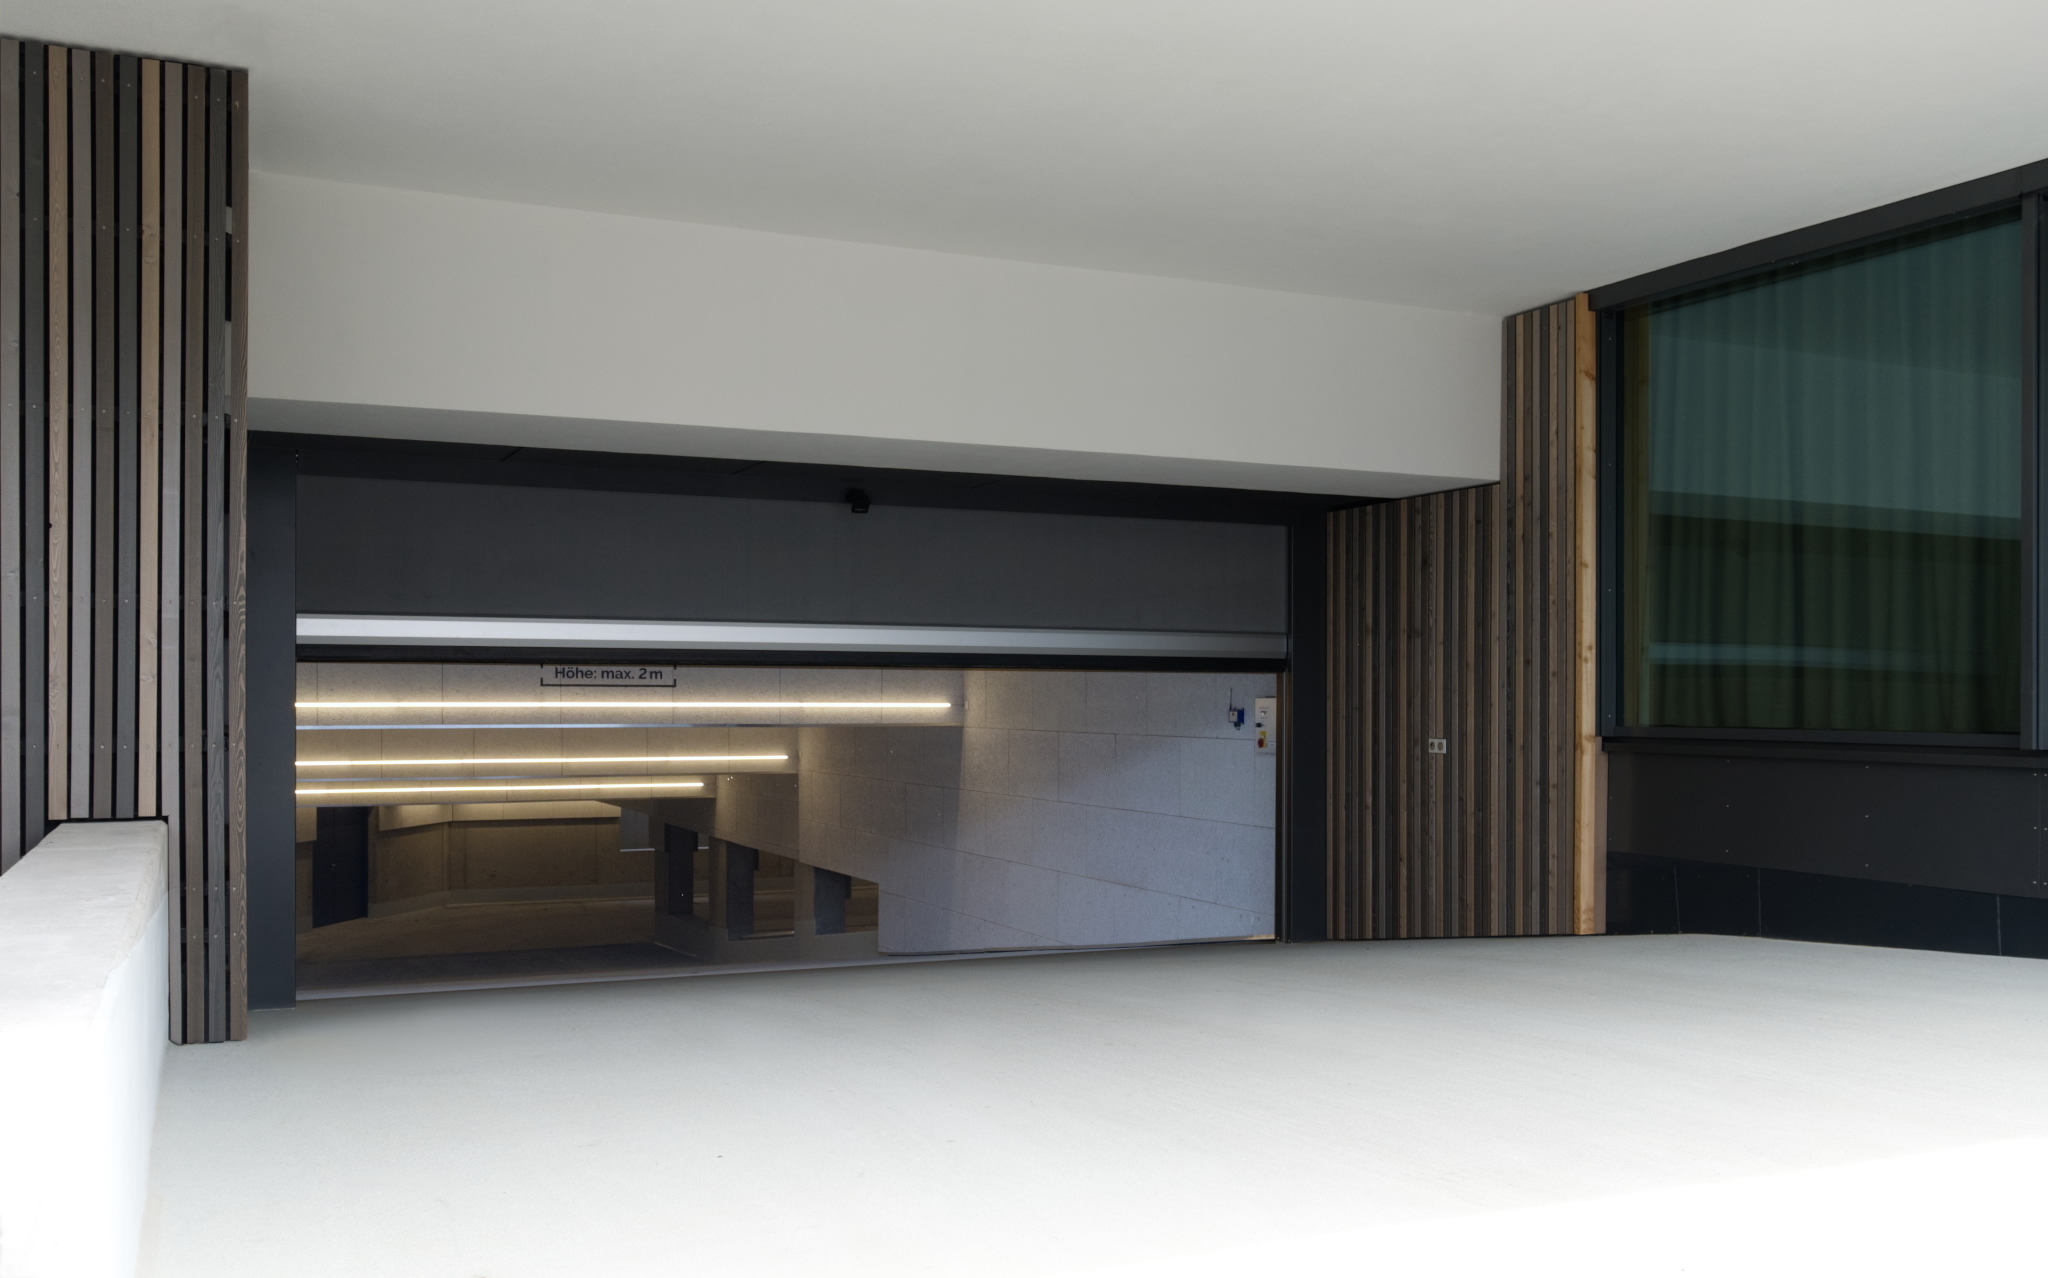 EFAFLEX doors provided an elegant, quiet and safe solution for the Spinnereipark garage
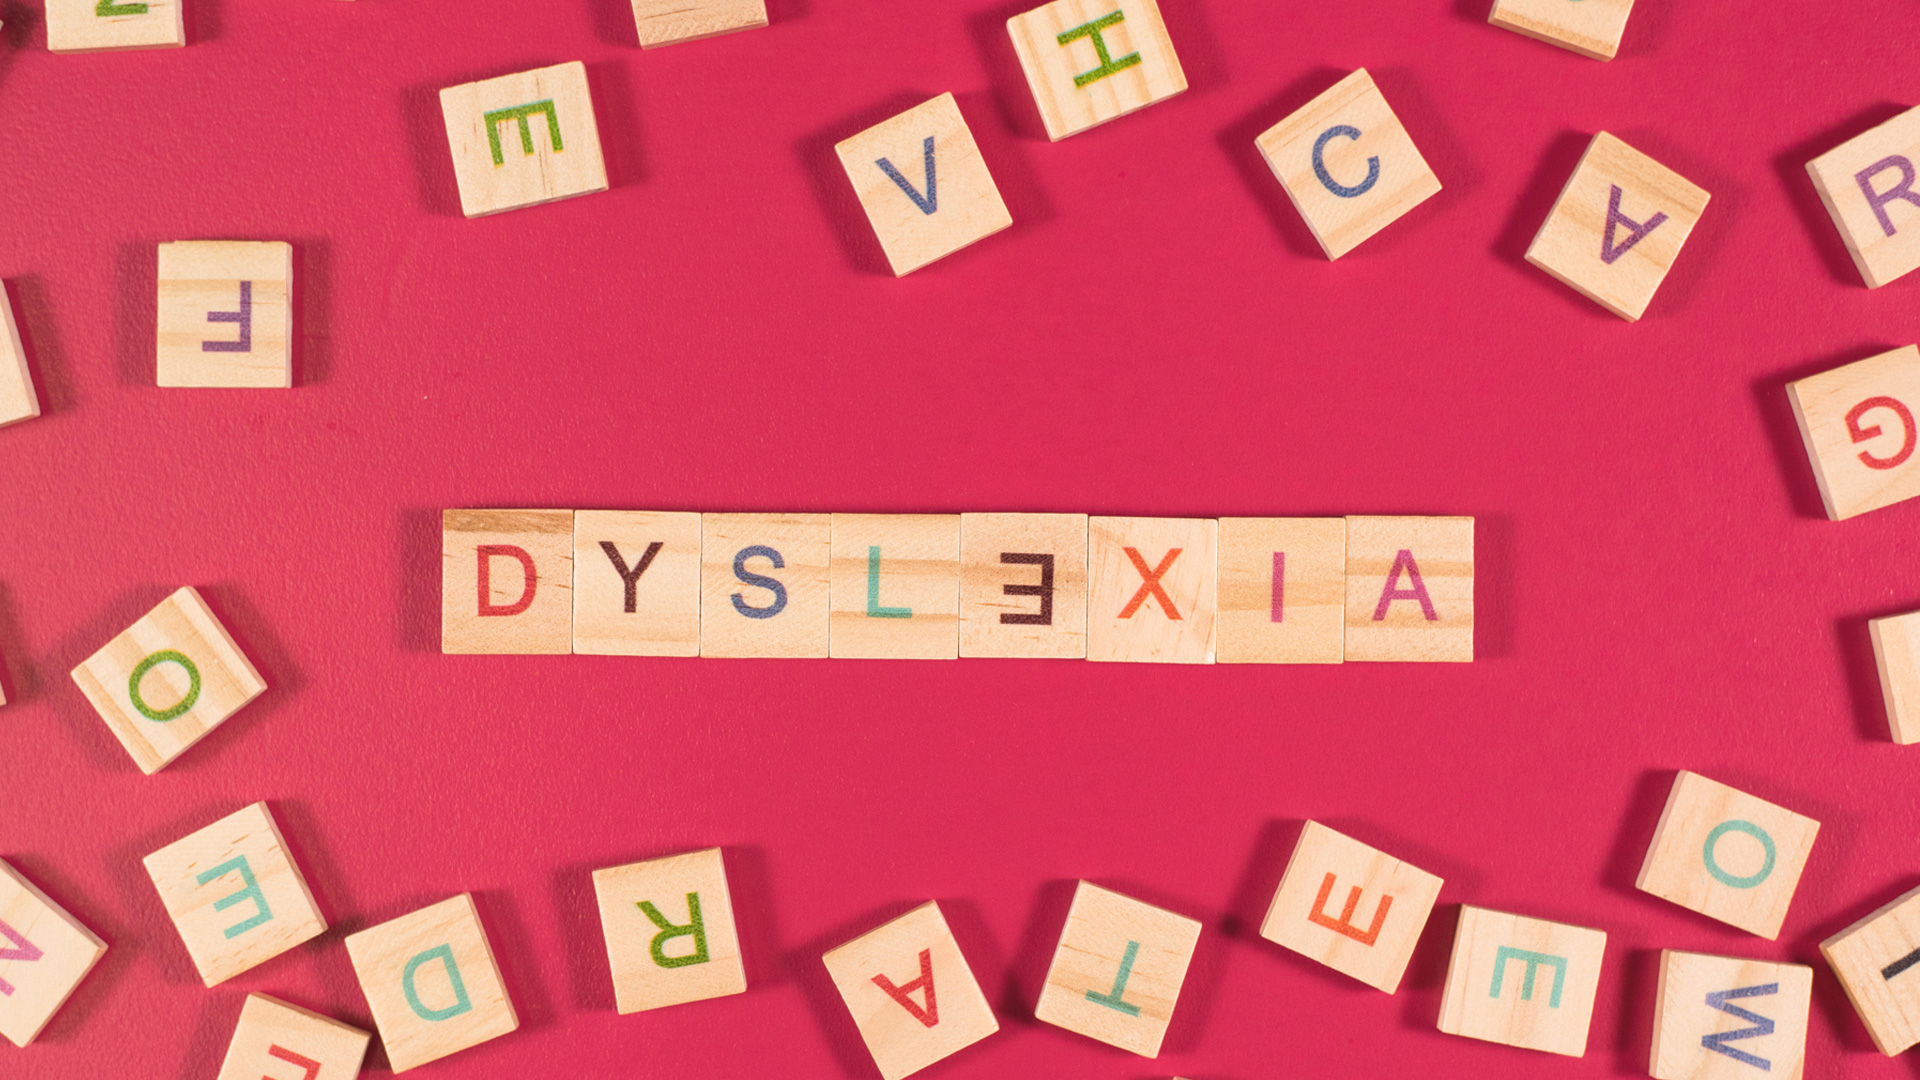 Developmental dyslexia: Neurocognitive theories and challenges for educators
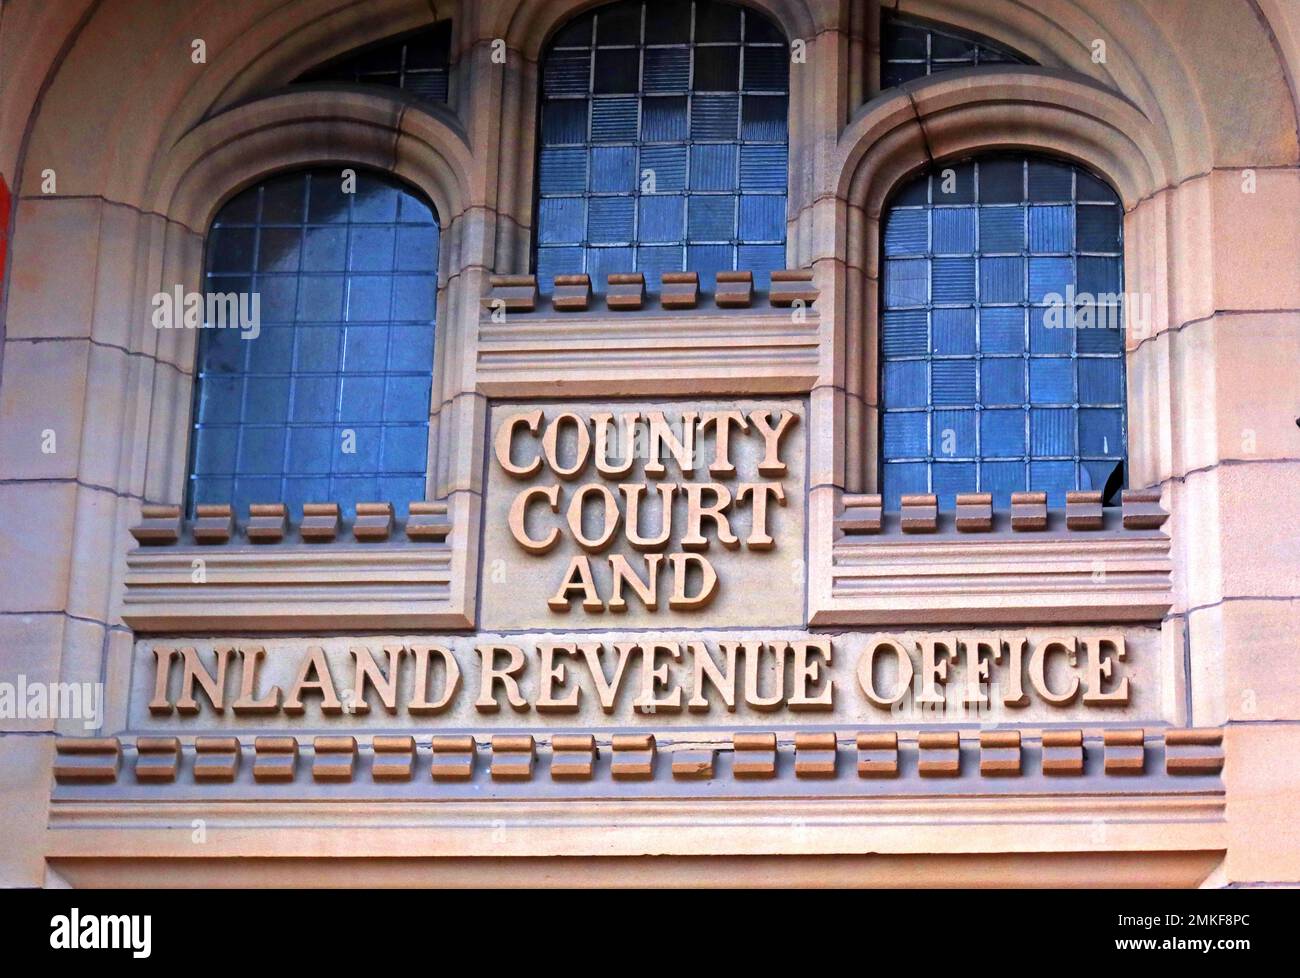 County Court and Inland Revenue Office 1887, The Old Courts, Crawford Street, Wigan, Lancashire, INGHILTERRA, REGNO UNITO, WN1 1NA Foto Stock

Work request —
Return nothing but the lines running from the start of the data to the line with "Developmental dyslexia: Neurocognitive", please, both ends included and no pictures.

Result —
 EFAFLEX doors provided an elegant, quiet and safe solution for the Spinnereipark garage
 Developmental dyslexia: Neurocognitive theories and challenges for educators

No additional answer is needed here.